TASK BRIEF: If a line of the data below contains the string "with", count it, then state the total alone.

╭─ INPUT DATA

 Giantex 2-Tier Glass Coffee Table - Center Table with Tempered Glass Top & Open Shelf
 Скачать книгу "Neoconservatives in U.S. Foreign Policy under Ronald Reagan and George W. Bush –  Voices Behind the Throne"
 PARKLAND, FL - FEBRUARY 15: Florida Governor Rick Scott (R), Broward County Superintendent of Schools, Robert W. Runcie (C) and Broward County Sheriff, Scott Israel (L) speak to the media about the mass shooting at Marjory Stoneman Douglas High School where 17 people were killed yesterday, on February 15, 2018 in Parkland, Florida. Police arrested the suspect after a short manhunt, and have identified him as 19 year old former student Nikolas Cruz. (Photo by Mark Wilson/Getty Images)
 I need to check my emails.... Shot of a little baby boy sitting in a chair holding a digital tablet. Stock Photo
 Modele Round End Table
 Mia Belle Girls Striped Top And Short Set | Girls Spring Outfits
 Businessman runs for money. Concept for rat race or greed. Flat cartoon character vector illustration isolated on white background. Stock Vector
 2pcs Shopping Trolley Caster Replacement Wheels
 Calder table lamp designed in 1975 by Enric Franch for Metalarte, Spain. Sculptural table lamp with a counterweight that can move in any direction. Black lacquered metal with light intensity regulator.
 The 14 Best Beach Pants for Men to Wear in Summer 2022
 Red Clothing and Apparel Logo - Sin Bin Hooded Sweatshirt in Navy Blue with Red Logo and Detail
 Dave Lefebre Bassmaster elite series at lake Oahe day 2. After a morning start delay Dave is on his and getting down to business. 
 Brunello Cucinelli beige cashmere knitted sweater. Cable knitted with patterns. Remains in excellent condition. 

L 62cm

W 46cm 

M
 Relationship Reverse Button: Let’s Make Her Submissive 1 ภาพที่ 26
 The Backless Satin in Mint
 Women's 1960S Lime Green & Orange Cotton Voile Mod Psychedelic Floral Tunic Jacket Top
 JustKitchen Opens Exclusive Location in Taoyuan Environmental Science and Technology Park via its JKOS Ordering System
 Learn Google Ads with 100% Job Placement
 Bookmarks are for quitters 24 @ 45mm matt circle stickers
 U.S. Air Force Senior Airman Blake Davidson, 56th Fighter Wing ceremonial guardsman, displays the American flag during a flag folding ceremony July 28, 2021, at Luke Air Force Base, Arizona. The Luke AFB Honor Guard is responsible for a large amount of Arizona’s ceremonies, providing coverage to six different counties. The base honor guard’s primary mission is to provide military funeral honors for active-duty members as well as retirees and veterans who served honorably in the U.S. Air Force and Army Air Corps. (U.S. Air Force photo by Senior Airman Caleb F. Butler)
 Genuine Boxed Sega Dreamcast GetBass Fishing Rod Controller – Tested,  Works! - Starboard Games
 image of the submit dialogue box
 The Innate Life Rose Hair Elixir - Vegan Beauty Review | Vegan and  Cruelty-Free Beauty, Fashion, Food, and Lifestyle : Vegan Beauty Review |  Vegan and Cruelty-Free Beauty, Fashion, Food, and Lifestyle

╰─

TASK ANSWER: 5